«Но Пушкин заставил меня взглянуть на дело серьезно. Он уже давно склонял меня приняться за большое сочинение и, наконец, один раз, после того, как я ему прочел одно небольшое изображение небольшой сцены, но которое, однако ж, поразило его больше всего, мной прежде читанного, он мне сказал: «Как с этой способностью угадывать человека и несколькими чертами выставлять его вдруг всего, как живого, с этой способностью не приняться за большое сочинение: это просто грех!» Вслед за этим начал он представлять мне слабое мое сложение, мои недуги, которые могут прекратить мою жизнь рано; привел мне в пример Сервантеса, который хотя и написал несколько очень замечательных и хороших повестей, но, если бы не принялся за «Дон-Кишота», никогда бы не занял того места, которое занимает теперь между писателями; и в заключение всего отдал мне свой собственный сюжет, из которого он хотел сделать сам что-то вроде поэмы, которого, по словам его, он бы не отдал другому никому; это был сюжет «Мертвых душ». (Мысль «Ревизора» принадлежит также ему.)»{609}
Итак, по сознанию самого Гоголя, и «Ревизор» и «Мертвые души» принадлежали к вымыслам Пушкина. В 1835 году, когда Гоголь знакомил петербургских друзей своих с первым из сих произведений и довольно часто читал комедию на вечерах у разных лиц, Пушкин не уставал слушать его. Наклонность поэта к веселости (самому драгоценному и самому редкому свойству в писателе, по его мнению) нашла здесь полное удовлетворение, как прежде в рассказе о ссоре Ивана Ивановича с Иваном Никифоровичем – и над обоими произведениями смех его был почти неистощим. Серьезную сторону в таланте Гоголя постигал он, однако ж, с замечательной верностью. Он считал одно время «Невский проспект» лучшею повестью его{610}. В ней находил он замечательный шаг от идиллической, комической и далее героической живописи малороссийского быта к более близкой нам действительности, которая под своею ровною поверхностию таит множество источников поэзии и разработка которой делается тем почетнее, чем она труднее. Взгляд Гоголя на способ создания, его манера представления лиц и образов прямо, без оговорок и умствований, совпадала с мыслями, какие имел Пушкин о сущности и достоинстве рассказа. Даже неправильность языка, иногда так сильно бросающаяся в глаза, особенно в первых произведениях Гоголя, находила оправдание у человека, который писал к Погодину: «Надо дать языку нашему более воли»{611}, а про себя говорил: «Прозой пишу я гораздо неправильнее[275], а говорю еще хуже и почти так, как пишет Гоголь»{612}. Все это показывает несомненно одно: с ранних пор Пушкин прозревал в Гоголе деятеля, призванного дать новую жизнь той отрасли изящного, которую он сам пробовал с славой, но для которой потребен был другой талант, способный посвятить ей одной все усилия свои и подарить ее созданиями, долго и глубоко продуманными. На это и указывал он Гоголю, представляя тем самым еще раз подтверждение мысли, что в нравственном, как и в физическом, мире нет внезапных перескоков. То, что кажется явлением, отрезанным от всего прошедшего, при ближайшем рассмотрении оказывается естественным следствием предшествующего развития[276].

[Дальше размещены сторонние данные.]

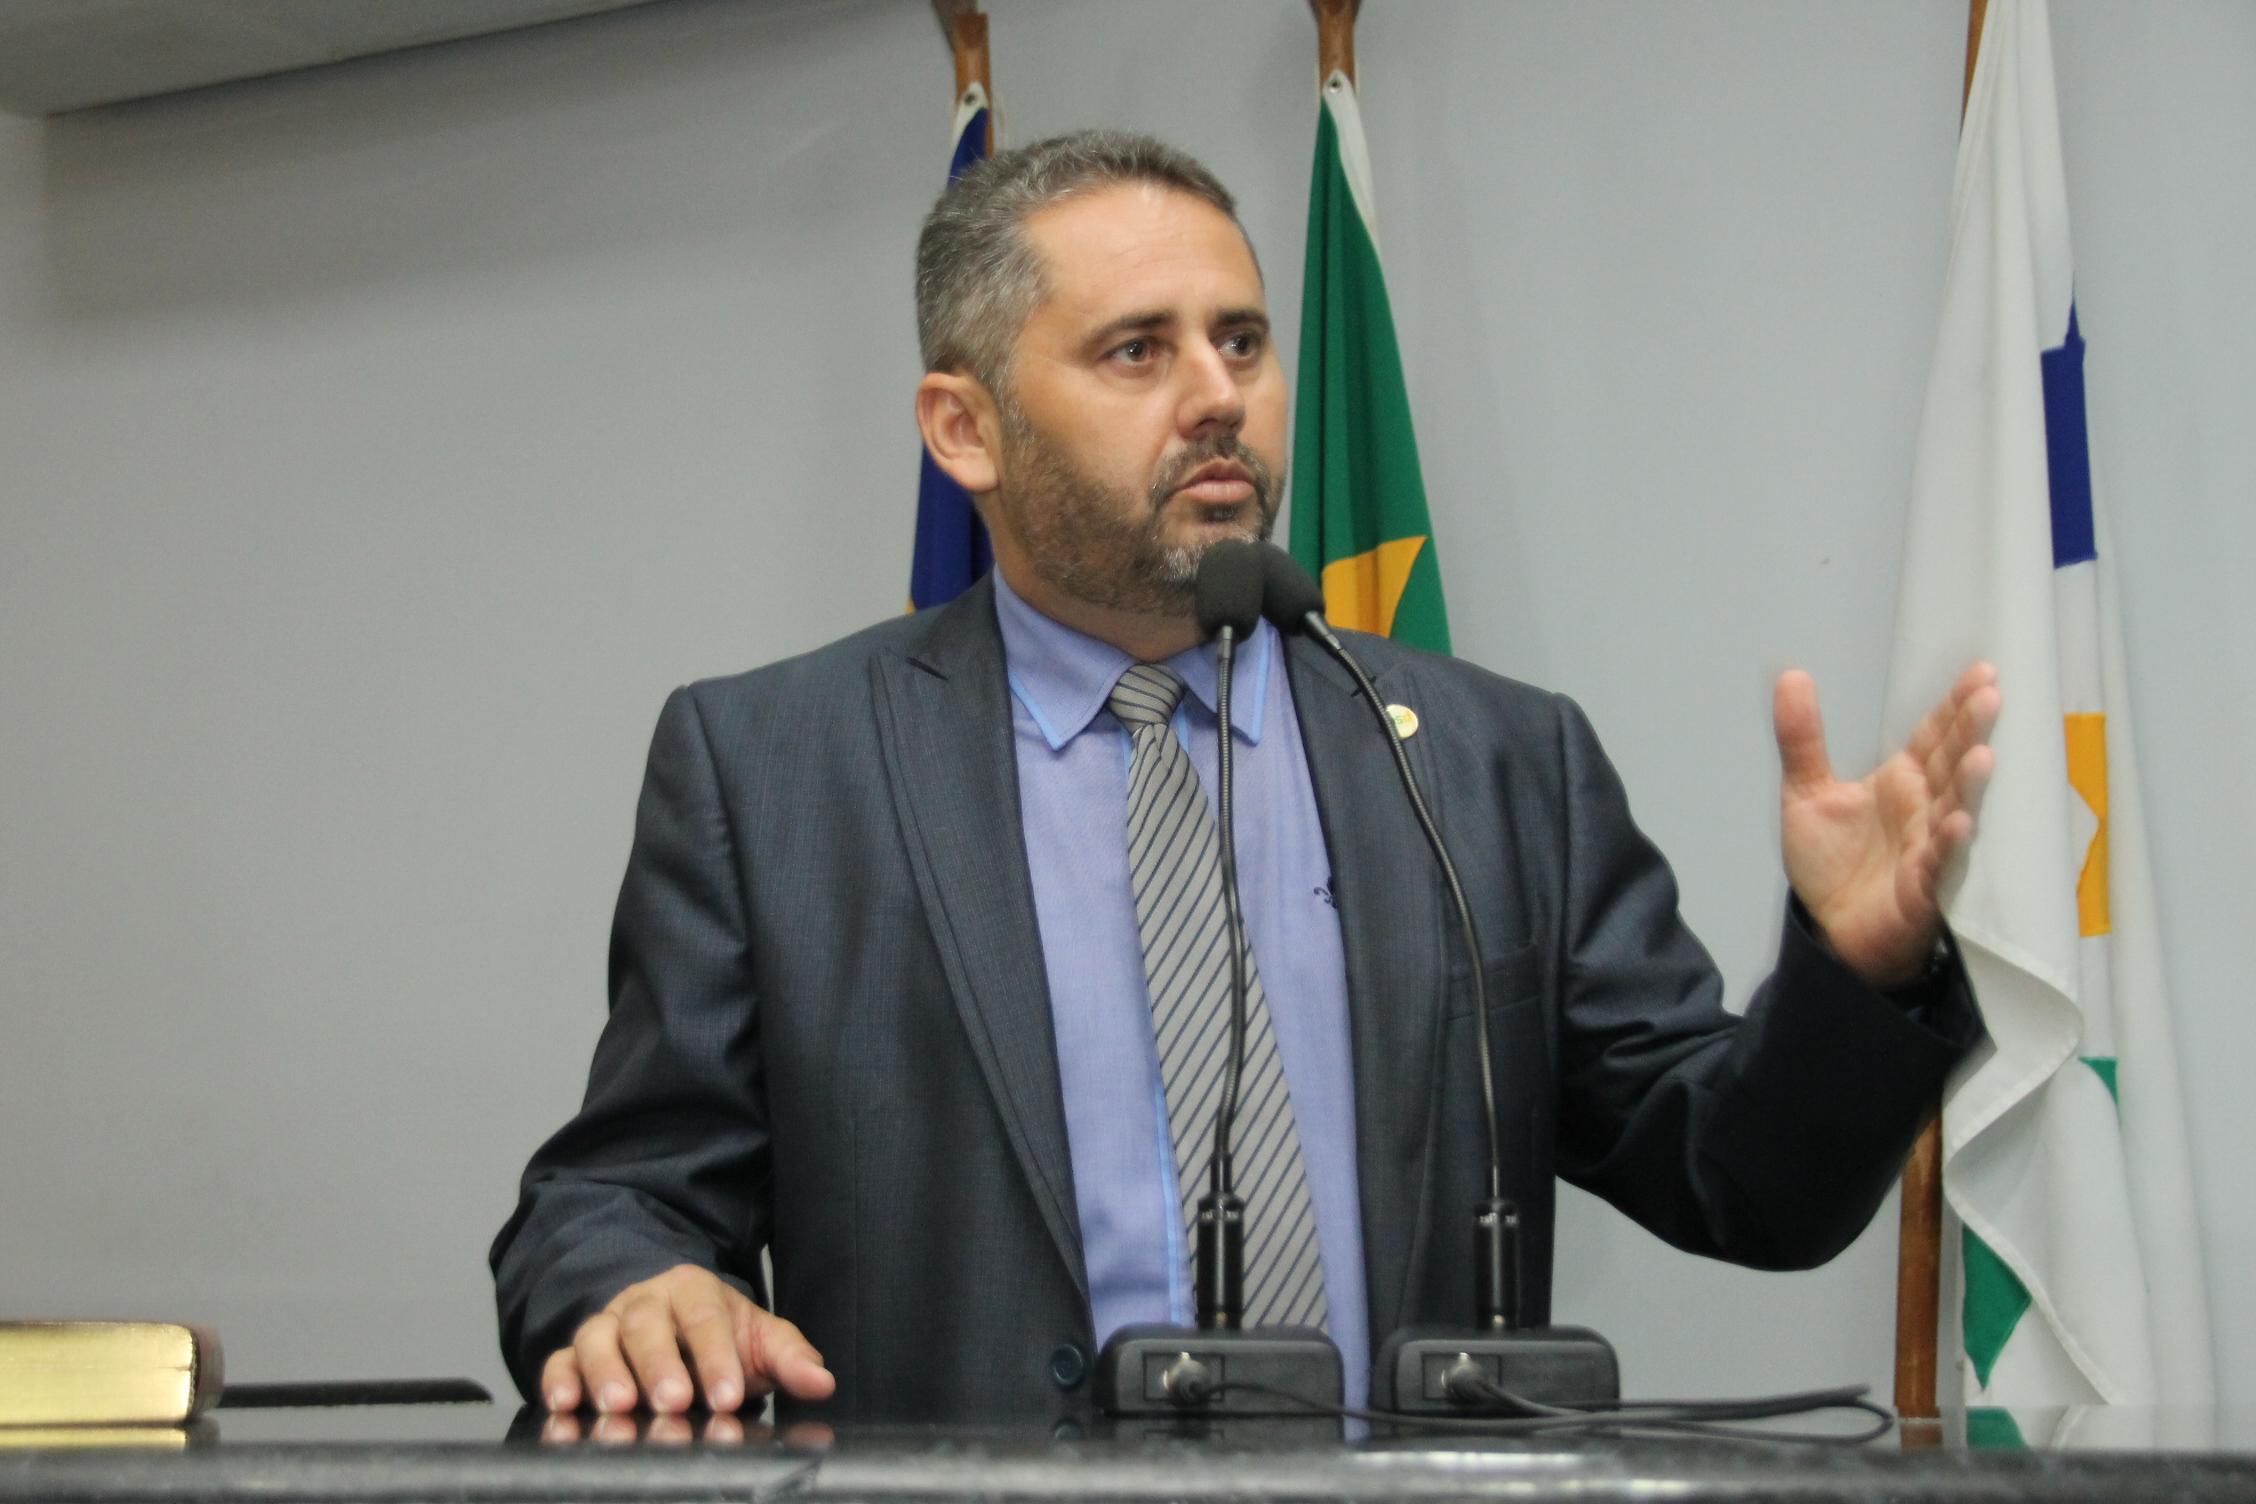 Anel viário recebe placas de sinalização e redutores de velocidades após solicitação de Marcelo Lemos

С другой стороны (и это весьма важно для большего пояснения самой личности нашего поэта), он не мог быть вполне доволен всем содержанием Гоголя в эту эпоху его развития. От зоркости пушкинского взгляда не могли укрыться и резкое по временам изложение мысли, и еще жесткое проявление силы, не покоренной искусством. И та и другая часто еще у Гоголя вырывались наружу помимо эстетических условий, ограничивающих и умеряющих их. Притом же Гоголь не обладал тогда и необходимою многосторонностию взгляда. Ему недоставало еще значительного количества материалов развитой образованности, а Пушкин признавал высокую образованность, как известно, первым, существенным качеством всякого истинного писателя в России. Но мысли свои о людях Пушкин высказывал чрезвычайно осторожно, ценя всего более лицевую сторону их жизни, как знаем. Наедине, однако ж, с особами, которым хотел показать признаки всей своей доверенности, он любил представлять образцы своего меткого определения характеров и наблюдательной способности. Отсюда и причина некоторых недоразумений как в отношении самого Гоголя, так и в отношении других его знакомых. Люди, слышавшие доверчивые его суждения, принимали их за нечто противоположное с теми, какие высказывал он перед светом, публично, когда собственно никакого противоречия между ними не существовало и одни не исключали других. Пишущий эти строки сам слышал от Гоголя о том, как рассердился на него Пушкин за легкомысленный приговор Мольеру: «Пушкин, – говорил Гоголь, – дал мне порядочный выговор и крепко побранил за Мольера. Я сказал, что интрига у него почти одинакова и пружины схожи между собой. Тут он меня поймал и объяснил, что писатель, как Мольер, надобности не имеет в пружинах и интригах, что в великих писателях нечего смотреть на форму и что куда бы он ни положил добро свое – бери его, а не ломайся»{613}. И таково было обаяние личности поэта нашего, что когда за три месяца до смерти Гоголя составитель этих материалов напомнил ему о Пушкине, то мог видеть, как переменилась, просветлела и оживилась его физиономия…[277].
Глава XXXII
Осень 1883 г. Поездка в Оренбург и Болдино: Стихотворение «Странник», написанное на Черной речке. – Пушкин получает разрешение ехать в Казань и Оренбург, заезжает в Болдино. – В сентябре прибывает в Казань. – А.А. Фукс. – Сведения, сообщенные ею о пребывании Пушкина в Казани. – Портрет Каменева. – Выезд из Казани и путь в Оренбург. – Пребывание в Оренбурге, Даль, Пьянов, еще сведения об Есаулове. – Пушкин выезжает из Оренбурга 25 сентября и 2 октября является опять в Болдино. – Месяц творческой деятельности в Болдине. – Новый и последний вид творчества.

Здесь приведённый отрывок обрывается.